Researchers from Brigham and Women’s Hospital, a flagship institution within the Mass General Brigham health care system, have devised a groundbreaking statistical method named SCENT (single-cell enhancer target gene mapping). SCENT utilizes multimodal single-cell data to establish connections between regulatory elements and genes, thereby pinpointing likely causal gene loci for both common and rare diseases. These insights hold promise for the development of treatments across a spectrum of medical conditions.
The research team deployed SCENT across nine multimodal single-cell datasets representing diverse human tissues, encompassing immune, neuronal, and pituitary cells. Their objective was to delve into the intricacies of DNA regulation within each specific cell type.

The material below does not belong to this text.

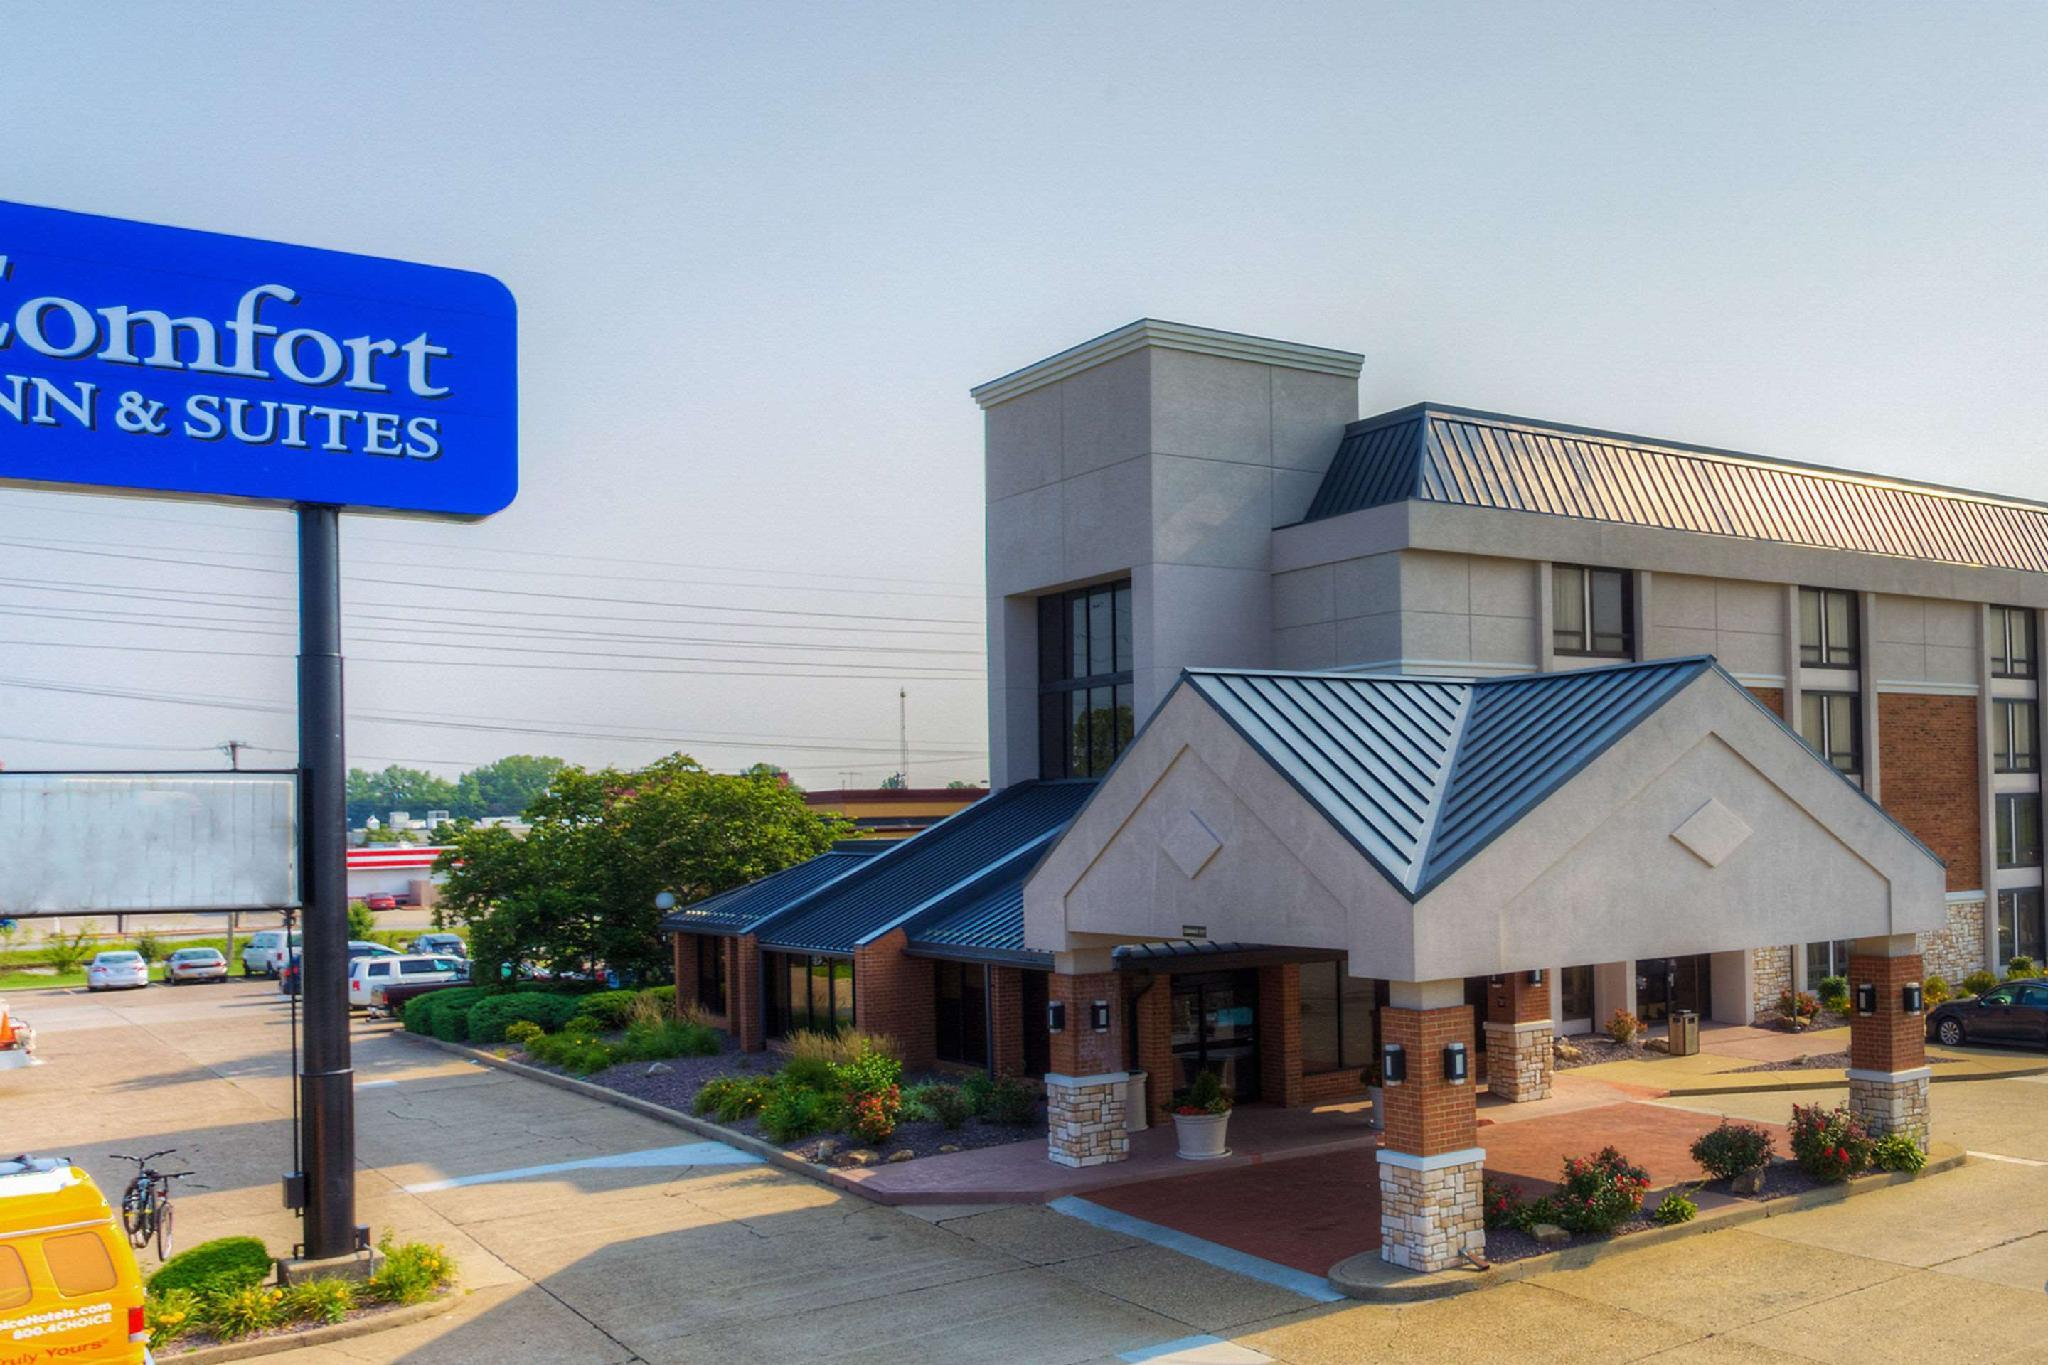 Comfort Inn And Suites Evansville Airport

Through meticulous analysis, they crafted 23 distinct gene-enhancer maps to explore genetic variants and expression patterns associated with 1,143 diseases and traits. Of particular note was the revelation that, for immune diseases, invaluable insights emerged not only from immune cells but also from cells residing within the affected tissues themselves.
Dr. Soumya Raychaudhuri, MD, Ph.D., of Brigham’s Division of Rheumatology, Immunology, and Inflammation, underscored the significance of this finding, stating, “For most autoimmune diseases, people assume that we need a general map of immune cells. But we find that the enhancer-gene maps of immune cells are different in affected disease tissues. We demonstrate how such a map can be used to interpret genetic data from rheumatoid arthritis and other autoimmune diseases.”
Published in the prestigious journal Nature Genetics, the study marks a significant stride toward unraveling the intricate genetic underpinnings of disease progression. By shedding light on the regulatory mechanisms governing gene expression, SCENT holds promise for advancing our understanding of various diseases and paving the way for more targeted therapeutic interventions.